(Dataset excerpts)
------------------------------------------------------------

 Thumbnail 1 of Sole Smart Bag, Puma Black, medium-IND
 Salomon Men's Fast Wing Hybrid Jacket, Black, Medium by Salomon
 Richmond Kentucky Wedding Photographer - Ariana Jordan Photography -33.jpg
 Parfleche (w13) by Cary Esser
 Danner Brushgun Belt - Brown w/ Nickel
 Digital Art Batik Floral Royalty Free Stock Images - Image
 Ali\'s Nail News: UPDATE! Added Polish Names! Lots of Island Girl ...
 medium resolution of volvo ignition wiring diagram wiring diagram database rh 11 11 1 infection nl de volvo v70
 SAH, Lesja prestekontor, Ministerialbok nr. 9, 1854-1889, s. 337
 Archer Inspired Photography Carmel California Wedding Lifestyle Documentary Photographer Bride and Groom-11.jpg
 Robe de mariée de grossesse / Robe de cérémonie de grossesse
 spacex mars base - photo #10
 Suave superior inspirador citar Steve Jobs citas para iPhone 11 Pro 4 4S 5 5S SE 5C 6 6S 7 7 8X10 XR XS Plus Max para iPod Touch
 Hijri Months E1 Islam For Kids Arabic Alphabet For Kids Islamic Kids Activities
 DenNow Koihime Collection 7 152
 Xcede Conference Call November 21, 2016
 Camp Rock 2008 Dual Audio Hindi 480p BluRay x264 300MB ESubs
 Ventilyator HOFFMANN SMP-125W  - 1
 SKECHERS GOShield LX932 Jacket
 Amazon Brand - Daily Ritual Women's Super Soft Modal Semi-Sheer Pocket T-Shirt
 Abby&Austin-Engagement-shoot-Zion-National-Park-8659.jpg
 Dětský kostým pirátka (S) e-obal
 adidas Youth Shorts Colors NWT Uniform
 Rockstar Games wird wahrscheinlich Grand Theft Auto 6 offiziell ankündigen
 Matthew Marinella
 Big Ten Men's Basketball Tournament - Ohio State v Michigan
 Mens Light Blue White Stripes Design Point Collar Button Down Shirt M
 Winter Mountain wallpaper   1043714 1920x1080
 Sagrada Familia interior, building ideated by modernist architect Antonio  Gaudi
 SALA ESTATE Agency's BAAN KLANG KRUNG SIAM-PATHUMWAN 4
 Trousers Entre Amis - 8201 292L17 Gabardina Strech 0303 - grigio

------------------------------------------------------------

# [INSTRUCTIONS TO FOLLOW]
In the records above, locate every line with the string "Shirt" and copy it.

# [SOLUTION TO THE EXERCISE]
 Amazon Brand - Daily Ritual Women's Super Soft Modal Semi-Sheer Pocket T-Shirt
 Mens Light Blue White Stripes Design Point Collar Button Down Shirt M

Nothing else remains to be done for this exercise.